Overview
The opportunity
Looking for a performance-driven, focused and committed individual with a proven track record for the role of Engineer-Site Reliability for Presight.
The Company
Presight is an ADX-listed public company with Abu Dhabi based G42 as its majority shareholder and is the region’s leading big data analytics company powered by GenAI. It combines big data, analytics, and AI expertise to serve every sector, of every scale, to create business and positive societal impact. Presight excels at all-source data interpretation to support insight-driven decision-making that shapes policy and creates safer, healthier, happier, and more sustainable societies.
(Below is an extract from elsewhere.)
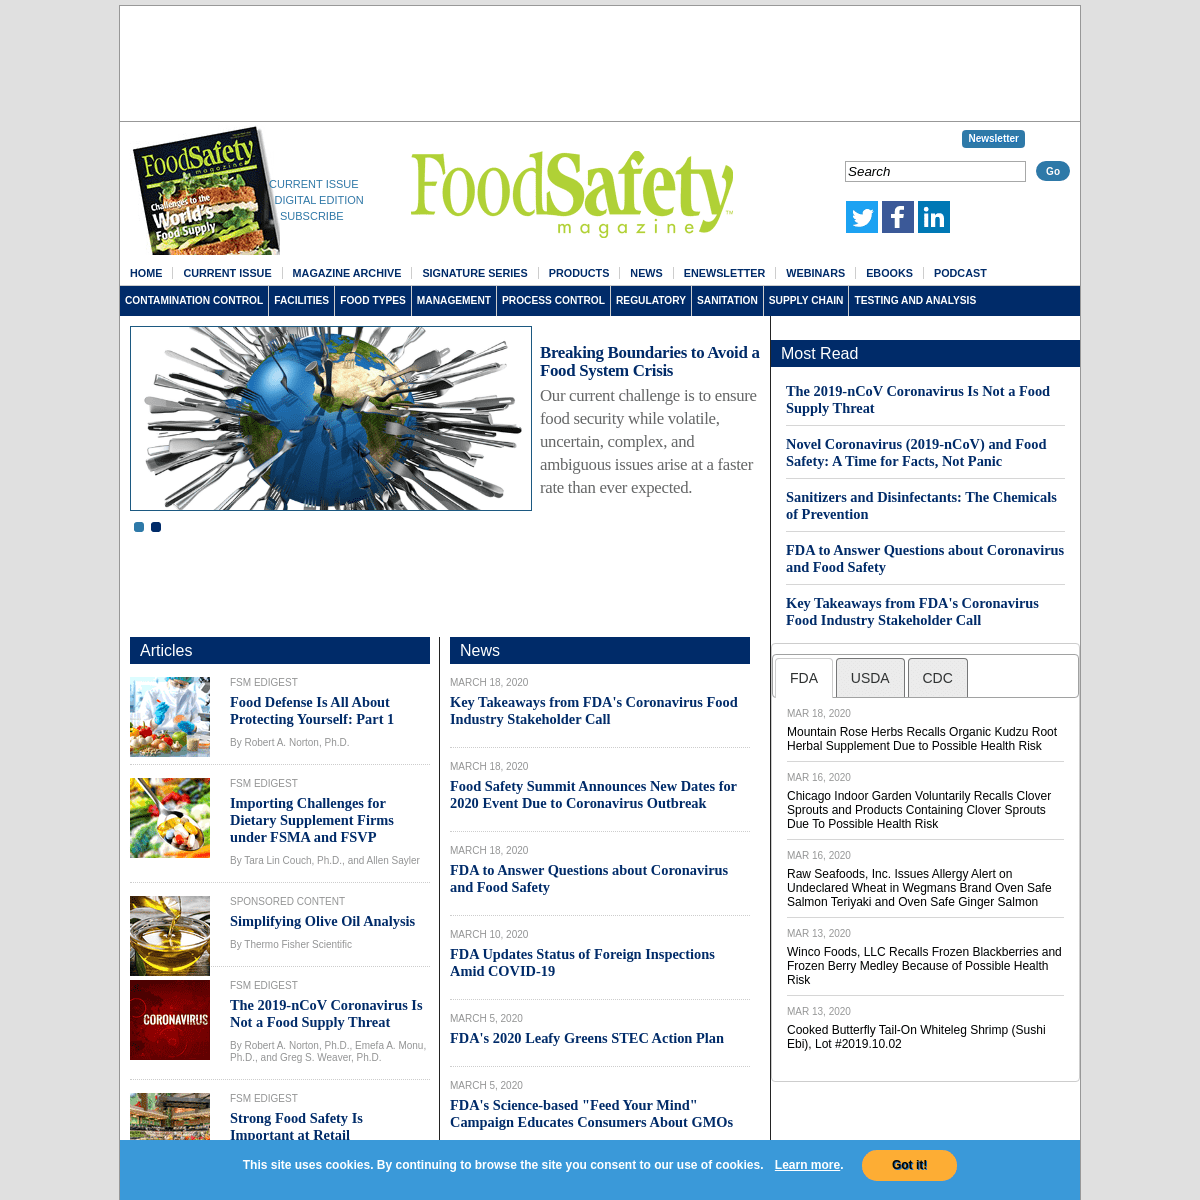 A complete backup of foodsafetymagazine.com

Today, through its range of GenAI-driven products and solutions, Presight is bringing Applied AI to the private and public sector, enabling them to realize their AI strategy and ambitions faster.
Responsibilities
- Provide operational support for Azure public cloud and on-premises environments, ensuring systems are running efficiently and securely
- Oversee the deployment and management of Kubernetes clusters, utilizing Helm, ArgoCD for continuous delivery to ensure seamless and rollback-capable deployments.
- Develop and maintain automation scripts using Python and Bash, enhancing operational efficiency and reducing manual intervention.
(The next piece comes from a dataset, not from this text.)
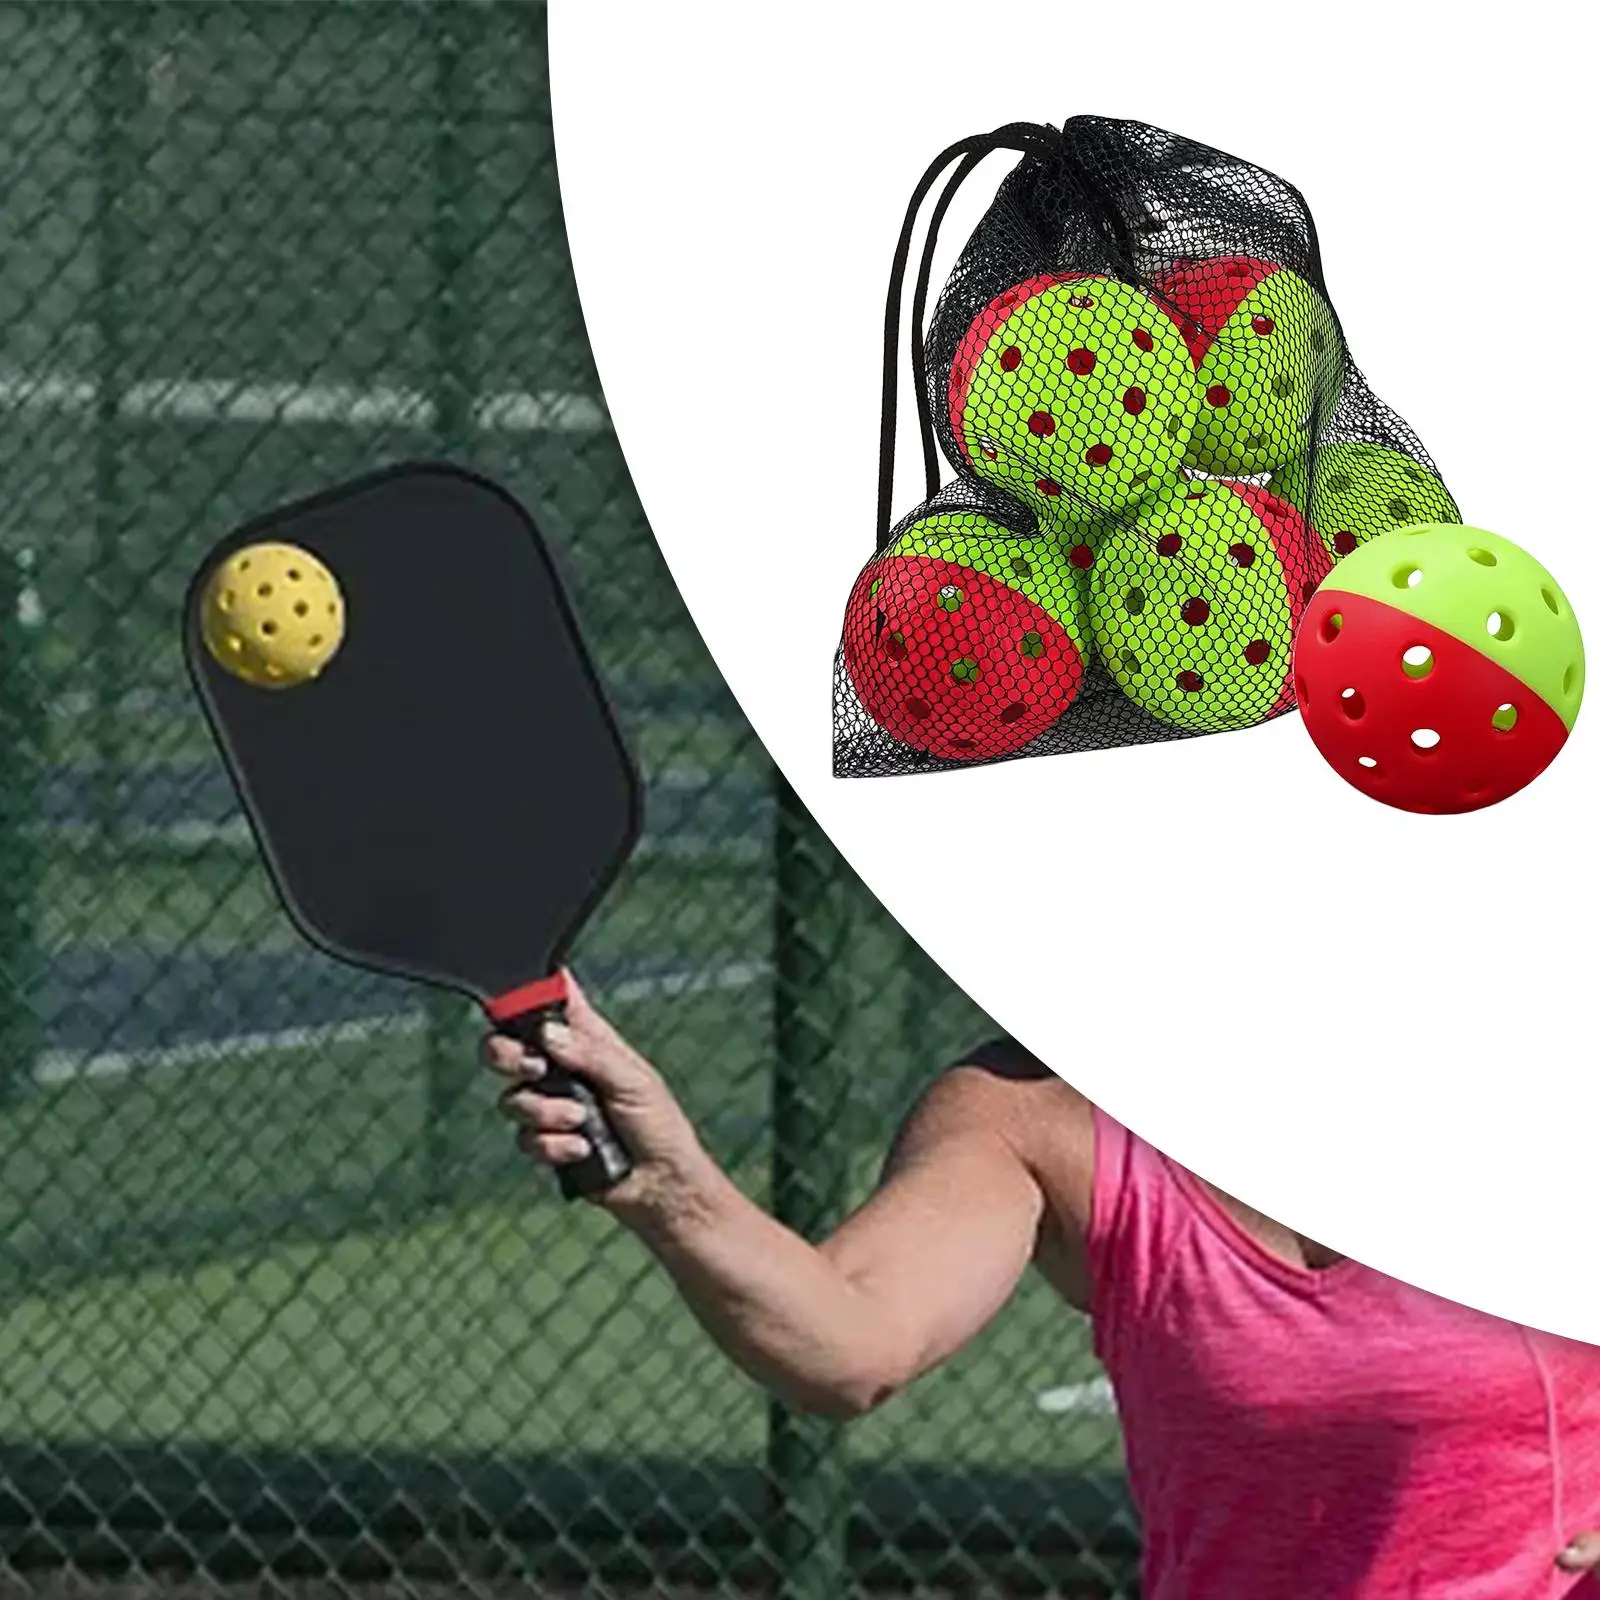 6 Pieces Pickleball Balls Sports Pickle Balls for Professional Perfomance

- Monitor system performance to guarantee maximum uptime, applying necessary patches, hotfixes and upgrades as required.
- Manage and troubleshoot systems in isolated environments, ensuring robust and reliable infrastructure and database management.
- Participate in issue triage, escalation and technical support processes, ensuring timely resolution of incidents and minimizing impact on operations.
- Administer and manage Azure or any other cloud environments, ensuring optimal performance, security, and scalability.
- Design, deploy and manage containerized applications using Docker and Kubernetes.
- Implement and maintain CI/CD pipelines using GitLab and Azure DevOps, enabling seamless code integration and deployment.
- Automate infrastructure provisioning and configuration management to enhance system efficiency and reduce manual intervention(Terraform, Bash/Python Scripting, etc).
- Collaborate with the Data team to support and manage Azure Data Factory, Databricks, and Azure Fabric, other cloud data services.
- Manage and maintain on-premises environments, including private cloud (OpenStack or any other), Bare Metal servers and Rancher or any other k8s for container orchestration.
- Deploy and administration for databases like MySQL, PostgreSQL, Oracle and other in isolated environments.
- Ensure adherence to security best practices and compliance requirements across cloud and on-premises environments.
- Monitor system performance and implement proactive measures to enhance security and stability.
- Work closely with cross functional teams to design, develop, and implement DevOps solutions that align with business objectives
- Comply with QHSE (Quality Health Safety and Environment), Business Continuity, Information Security, Privacy, Risk, Compliance Management, and Governance of Organizations policies, procedures, plans, and related risk assessments.
Qualifications
- Bachelor’s degree in Computer Science, Information Technology or a related field.
- Eight (8) years of product administration experience in Linux (RHEL, CentOS, Debian & Ubuntu) based environment.
- Must have a minimum of five (5) years of relevant experience as a Hadoop administrator with an Expert level knowledge of Cloud Operations.
- Proven proficiency in Designing, Developing and maintaining cloud solutions and isolated environments.
- Strong DevOps Mindset with the knowledge of Software development life cycle.
- Must have prior Big data platform using automation tools like Ansible, Helm Charts.
- Must have knowledge of best practices for Data Warehousing including business intelligence, and business continuity planning.
- Hands-on experience with Monitoring platforms Zabbix, Grafana, Working with data delivery teams.
- Responsible for implementation and ongoing administration of applications in Air Gapped infrastructure.
- Competency in Linux administration (security, configuration, tuning, troubleshooting and monitoring) & Basic Networking troubleshooting.
- Private Cloud, Public Cloud & Hybrid Cloud
- Experience working in an Agile environment
- Relevant certifications in cloud platforms (Azure, AWS), Kubernetes, Docker or DevOps tools are a plus.
What we look for:
If you are a performance-driven, inquisitive mind with the agility to adapt to ambiguity, you will fit right in. You should be eager to explore opportunities to build meaningful collaborations with stakeholders and aspire to create unique customer-centric solutions. Bias for action and a passion to conquer new frontiers in the AI space is at the heart of the Presight community.
What working at Presight offers:
Culture: An open, diverse and inclusive environment with a global vision that encourages personal growth and focuses on ground-breaking, industry-first innovations.
Career: Outstanding learning, development & growth opportunities via structured training programs and innovative, high-tech projects.
Rewards: A competitive remuneration package with a host of perks including healthcare, education support, leave benefits and more.